** STORED DATA **
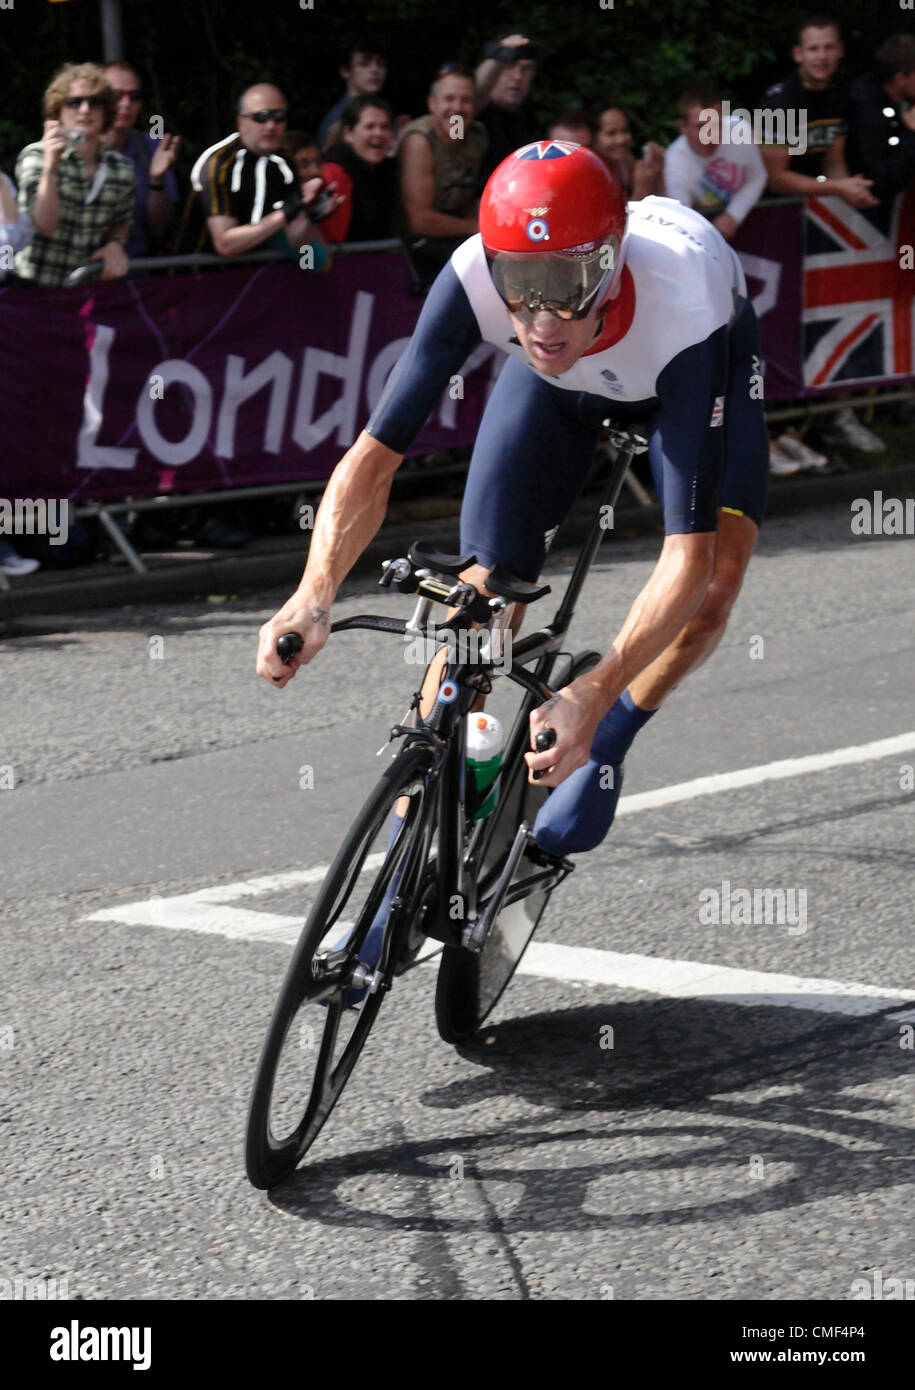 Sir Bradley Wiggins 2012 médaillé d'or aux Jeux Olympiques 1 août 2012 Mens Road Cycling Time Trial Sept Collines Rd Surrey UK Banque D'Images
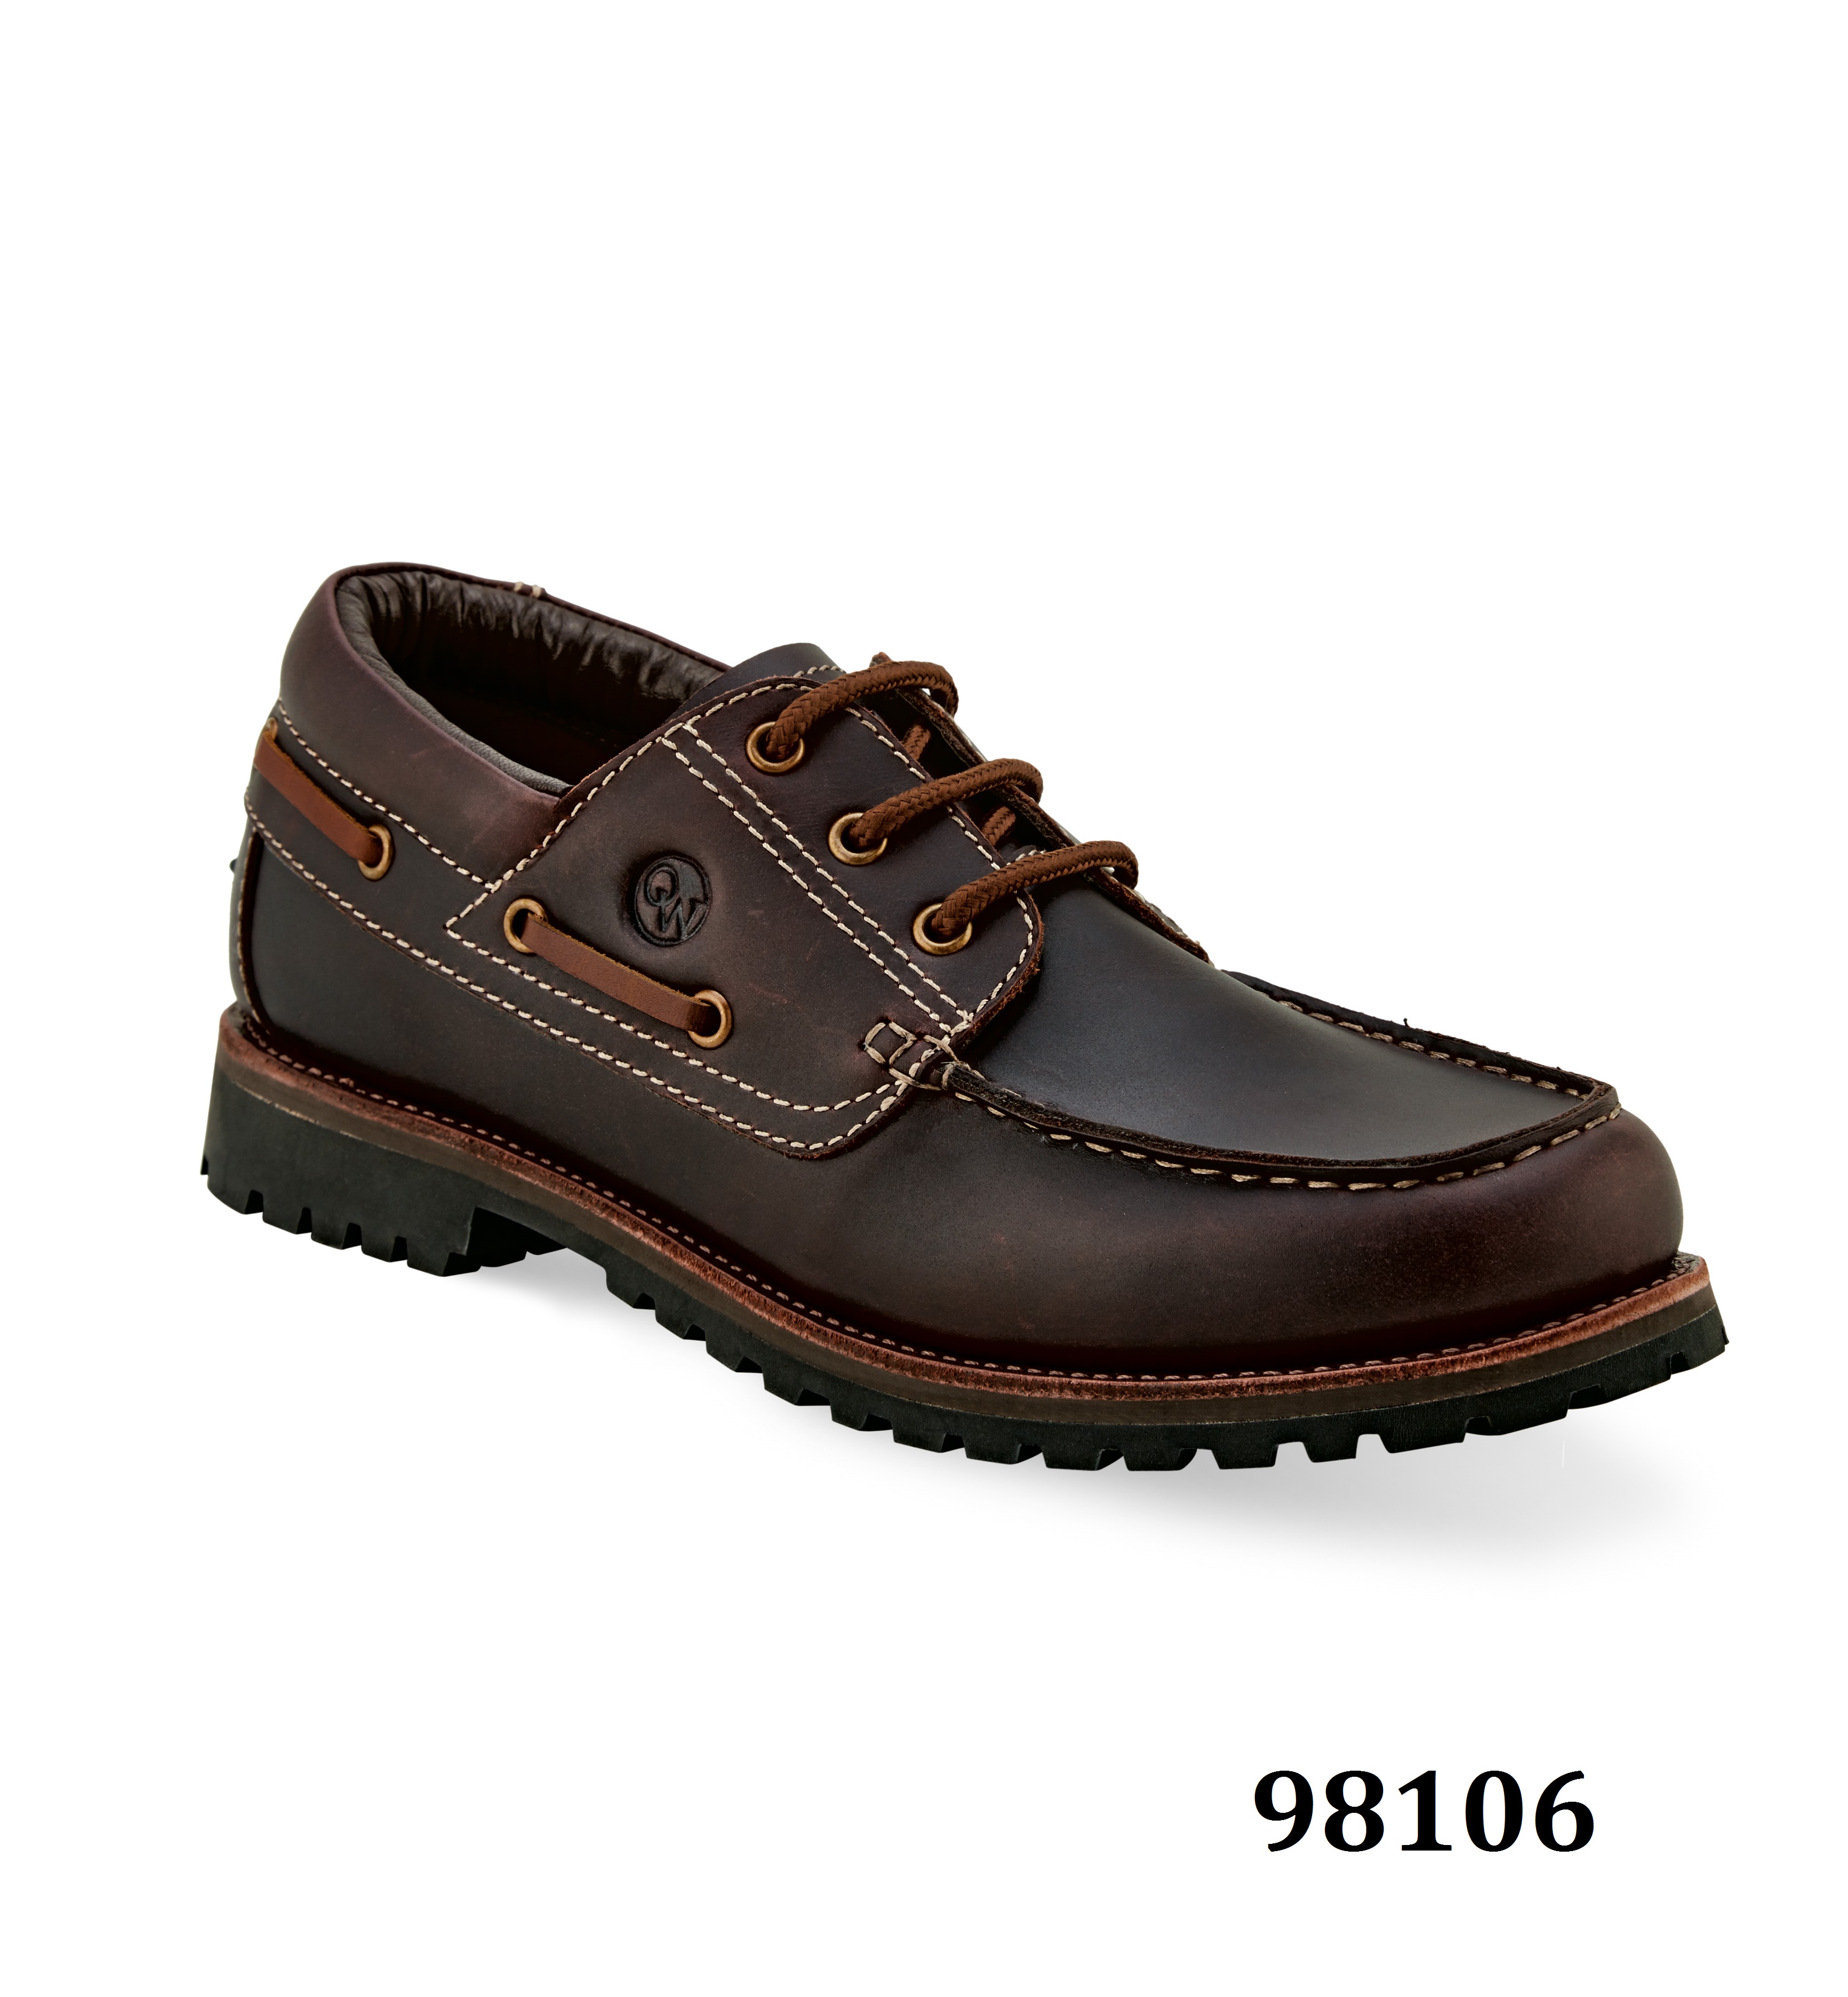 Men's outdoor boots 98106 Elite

--

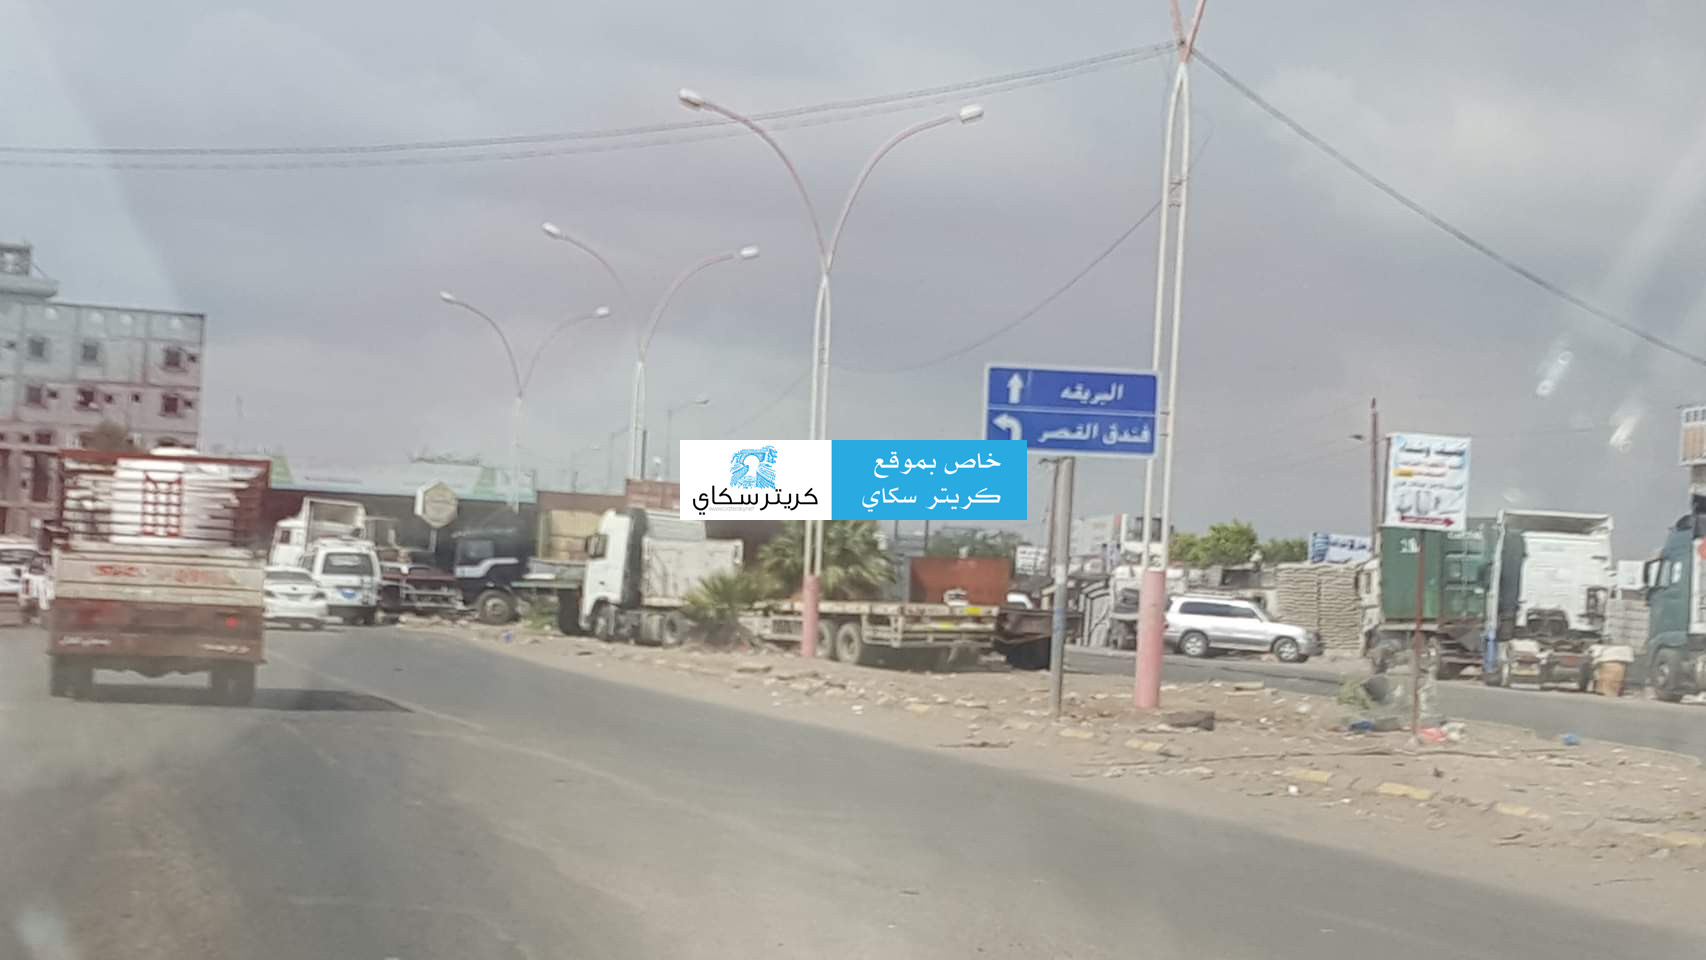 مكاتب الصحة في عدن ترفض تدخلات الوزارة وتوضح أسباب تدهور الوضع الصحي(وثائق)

** PROBLEM TO SOLVE **
Print nothing except the lines above from the one containing "Sir Bradley Wiggins" down to the one containing "Men's outdoor boots 98106 Elite", both included, exactly as written and free of pictures.

** TASK RESULT **
 Sir Bradley Wiggins 2012 médaillé d'or aux Jeux Olympiques 1 août 2012 Mens Road Cycling Time Trial Sept Collines Rd Surrey UK Banque D'Images
 Men's outdoor boots 98106 Elite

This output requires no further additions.